If $ x + y + z = 0, $ then show that $ {x^3} + {y^3} + {z^3} = 3xyz $

Answer 1

Hint: Use the expansion formula of $ {(x + y)^3} $ . Then replace $ y $ with $ y + z $ to write it in three variables. Further expand it using the condition given in the question and simplify it in the terms of the required result.

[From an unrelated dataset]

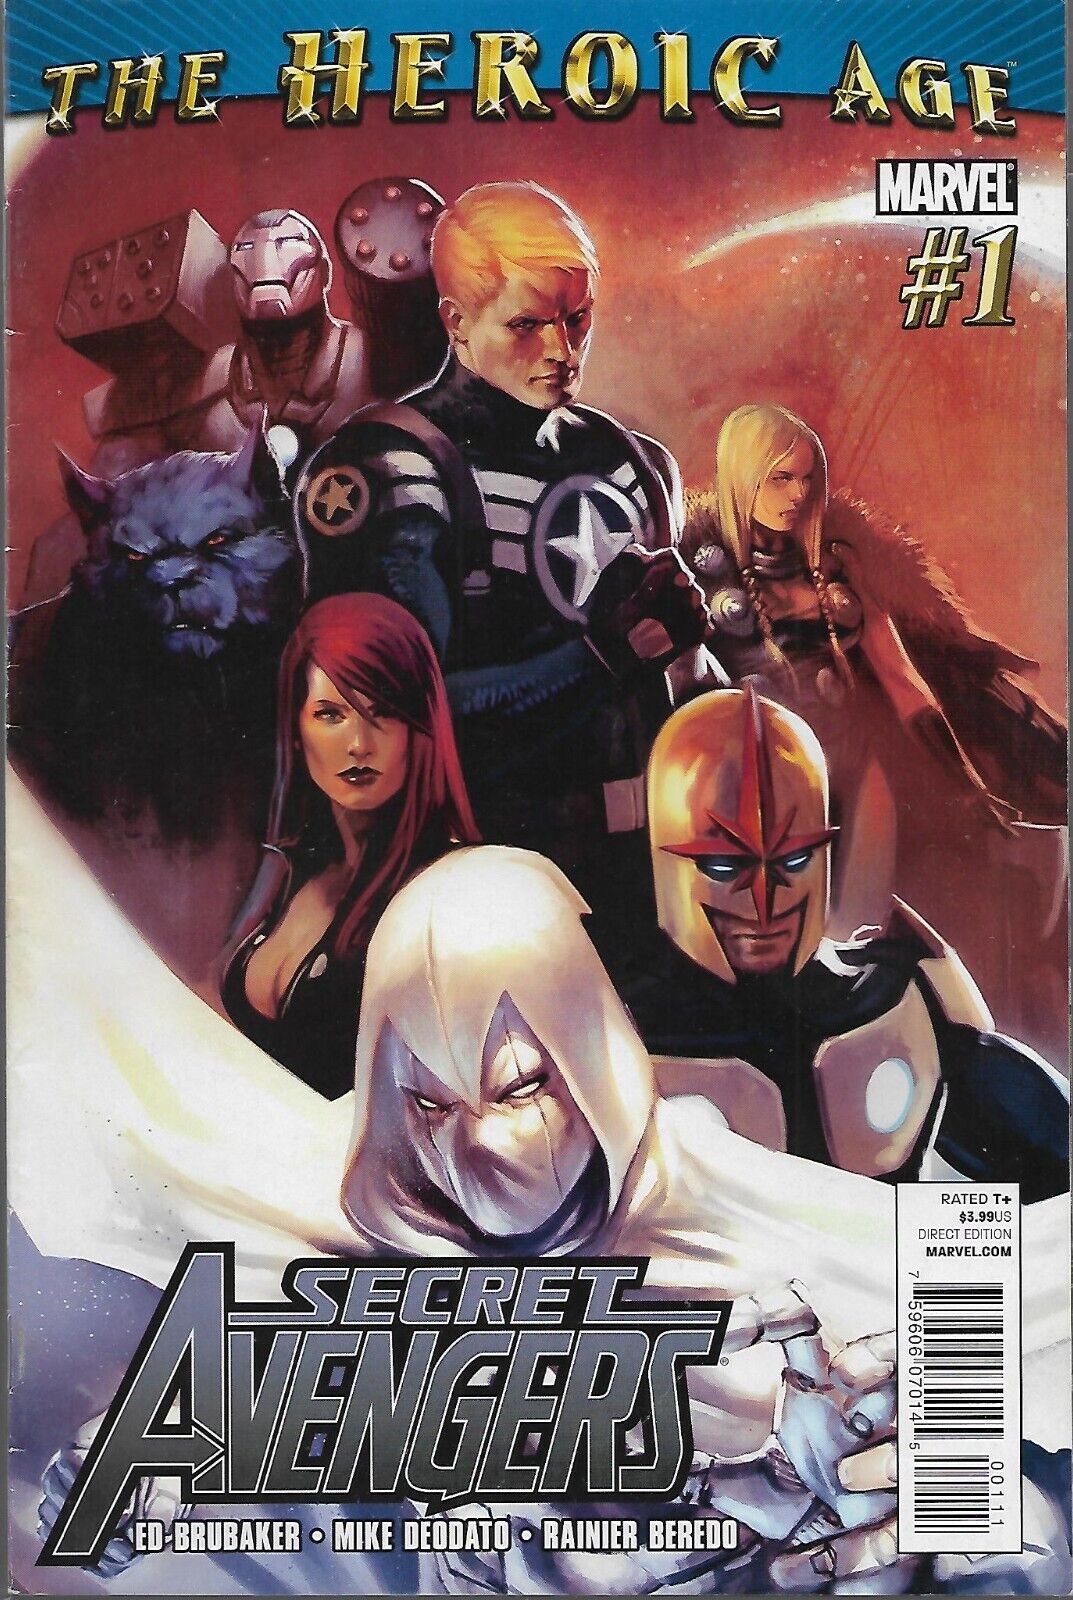 Marvel Comics’ Secret Avengers #1-5 from 2010.

Complete step-by-step answer:
It is given in the question that
 $ x + y + z = 0 $ . . . . (1)
We have to prove $ {x^3} + {y^3} + {z^3} = 3xyz $
We know that,
 $ {(a + b)^3} = {a^3} + {b^3} + 3ab(a + b) $ . . . (2)
By rearranging it, we can write
 $ {a^3} + {b^3} = {(a + b)^3} - 3ab(a + b) $
Now, replace, $ a $ with $ x $ and $ b $ with $ y + z $ . Then we get
 $ {x^3} + {(x + y)^3} = {(x + y + z)^3} - 3x(y + z)(x + y + z) $
By using equation (1) we can simplify the RHS of the above equation. And by using equation (2), we can further expand LHS of the above equation. Hence, by using equation (1) and (2), we get
 $ {x^3} + {y^3} + {z^3} + 3yz(y + z) = 0 - 0 $ . . . (3)
Now, since,
 $ x + y + z = 0 $
We get
 $ y + z = - x $
By substituting this into equation (3), we get
 $ {x^3} + {y^3} + {z^3} + 3yz( - x) = 0 $
 $ \Rightarrow {x^3} + {y^3} + {z^3} - 3yzx = 0 $
By rearranging it, we can write
 $ {x^3} + {y^3} + {z^3} = 3xyz $
Hence proved.

Note: To solve this question, you need to know the expansion formula of cubic form. And you need to understand that the condition given in the question is useful, and that is why it is given in the question. So you need to formulate your solution in such a way that you could get to use the condition given in the question. This approach always helps to get to the result fast and without errors.
Equation (2) is the result of the following formula
 $ {(a + b)^3} = {a^3} + 3{a^2}b + 3a{b^2} + {b^3} $
Which can be rearranged as
 $ {(a + b)^3} = {a^3} + {b^3} + 3{a^2}b + 3a{b^2} $
Now, by taking $ 3ab $ common, we can further write it as
 $ {(a + b)^3} = {a^3} + {b^3} + 3ab(a + b) $
We used this result to solve the question.